La sagesse d’Erasme : indispensable pour arrêter la guerre en Ukraine

jeudi 23 mars 2023, par Karel Vereycken

Le professeur Luc Reychler.

Le 6 mars 2023, Luc Reychler, professeur émérite et respecté de relations internationales à l’Université catholique de Louvain (UCL), en Belgique, qui se qualifie lui-même de « pionnier de l’architecture durable de construction de la paix », a publié un article intitulé « Symphonie d’une guerre annoncée », dans le quotidien flamand progressiste DeWereldMorgen, réduisant à néant le récit de guerre et la propagande de l’OTAN.

Pour les personnes intéressées, le professeur Reychler a rédigé un texte court et fort intéressant intitulé « Principes d’une architecture de paix durable » (en anglais) en 10 points, soulignant l’importance de la beauté et de l’empathie.

« Après 50 ans de recherche sur les guerres et la paix, je suis consterné par la guerre et la contre-guerre en Ukraine, en particulier par le fait qu’elle n’ait pas été évitée. Les humanitaires et les faucons plaident pour plus d’armes et plus de guerre. La violence peut se poursuivre pendant longtemps, s’intensifier et même conduire à une guerre régionale, à une troisième guerre mondiale ou à une guerre nucléaire », écrit-il.

Si la stratégie actuelle n’est pas remise en question en temps voulu et de manière approfondie, nous aurons une opération perdante, non seulement pour les Ukrainiens et les combattants des deux camps du champ de bataille (principalement de jeunes hommes et pour la plupart, sans aucune expérience militaire), mais aussi pour le reste de l’Europe.

Après un examen détaillé des erreurs occidentales ayant conduit au désastre actuel, Reychler souligne que dans le cas de l’Ukraine,

il n’y avait pas de graves problèmes de sécurité tant que le pays était ‘neutre’ et que l’OTAN restait à l’écart. Remplacer la neutralité par l’adhésion à l’OTAN, ou remplacer le ‘partenariat pour la paix’ par un ‘partenariat pour la guerre’ n’est pas une preuve de réalisme stratégique. Ne pas prendre au sérieux la vulnérabilité historique d’un pays (la Russie) avec onze fuseaux horaires et l’insécurité résultant de l’expansion subreptice de l’OTAN, ne témoigne pas d’une empathie stratégique ou, pour reprendre les termes de Clausewitz, de génie stratégique. (...) Le désir d’adhérer à l’UE aurait été moins problématique si le rapprochement avec la Communauté européenne avait été découplé de l’adhésion à l’OTAN (...).

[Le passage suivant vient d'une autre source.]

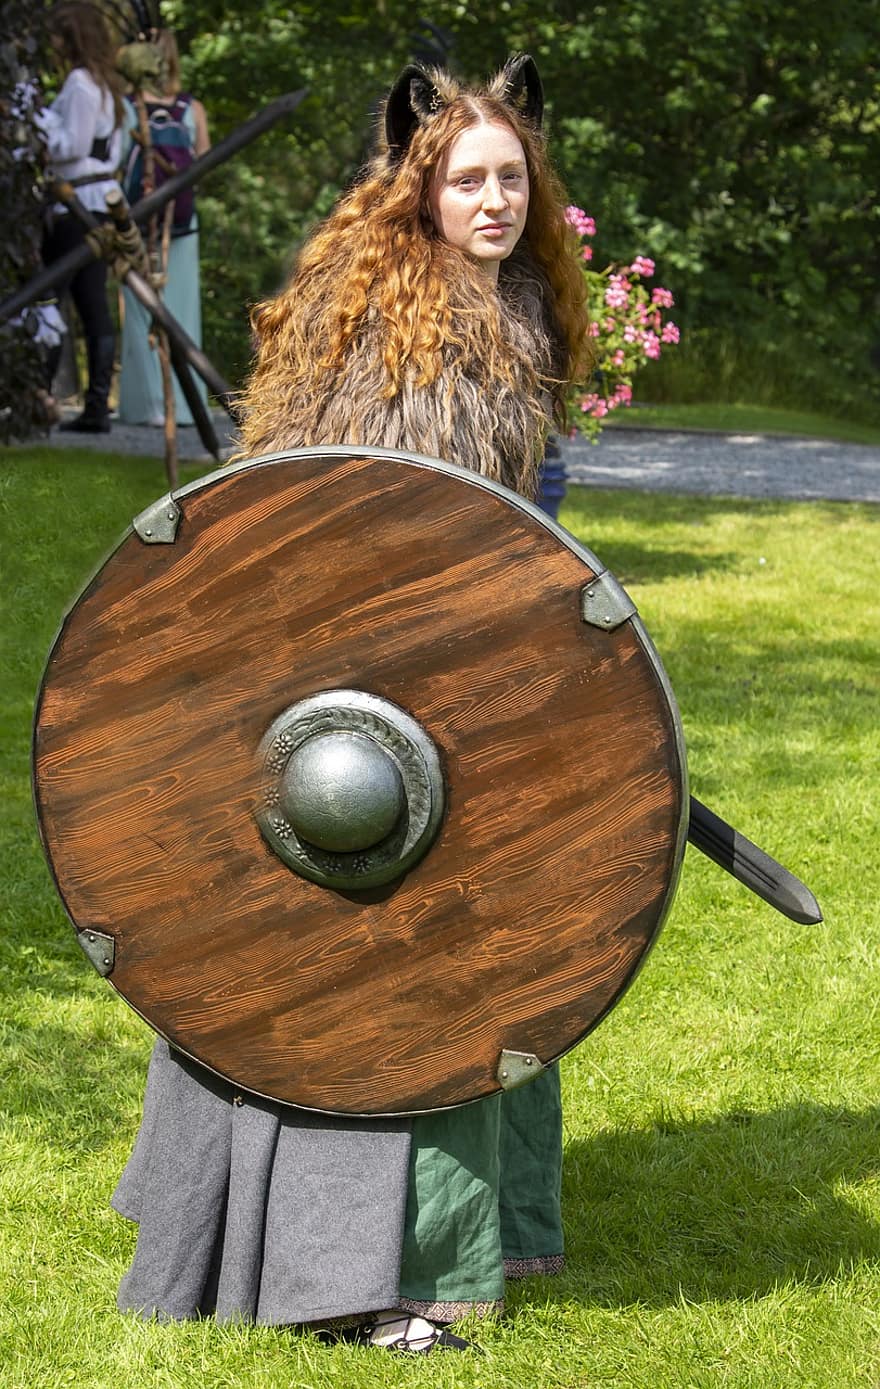 Viking, Woman, Costume, Warrior, Fantasy, Female, Sword, Shield, Fighter

Avec une pointe d’ironie, il estime que

la phrase de Jens Stoltenberg, secrétaire général de l’OTAN, ‘les armes sont le chemin de la paix’, ferait un titre approprié pour un tableau surréaliste de Magritte.

Erasme, Complainte de la paix.

Reychler ne cache pas qu’il s’inspire du grand humaniste Erasme de Rotterdam (1469-1536) lorsqu’il note :

Les politiciens ou les journalistes étrangers peuvent, à distance convenable, avec un savoureux cappuccino ou un verre à la main, plaider pour plus d’armes et rêver de victoire. Érasme nous a mis en garde contre le dulce bellum inexpertis. La guerre est douce pour ceux qui n’y participent pas ou qui n’en connaissent pas grand-chose. Les soldats ukrainiens se battent et meurent. Les souffrances et les destructions ont lieu à l’intérieur des frontières, en particulier dans la partie orientale du pays.

Sa conclusion est encore plus érasmienne :

Il y a 500 ans, Érasme s’attaquait sans sourciller à l’establishment de son temps, qu’il s’agisse des princes ou des papes. Il critiquait et se moquait des prétextes invoqués pour justifier les guerres et les contre-guerres. Il les considérait comme des pratiques barbares et stupides ne méritant pas d’avoir leur place dans un monde de personnes douées de raison, et encore moins dans un monde qui prétend à des valeurs plus élevées. Il constate que la guerre engendre d’autres guerres et que la doctrine de la ‘guerre juste’ a perdu toute crédibilité. Ses écrits ‘Douce est la guerre’ (1515, Adage), Complainte de la paix (1517) et De l’éducation des enfants (1529) sont des plaidoyers en faveur de l’argument suivant : ‘Si tu veux la paix, prépare la paix’.

Préoccupé par le changement climatique, Reychler termine en affirmant que « les climats humain et naturel étant étroitement liés, il est urgent de mettre fin à cette guerre et de créer les conditions d’une paix et d’une sécurité durables en Europe ».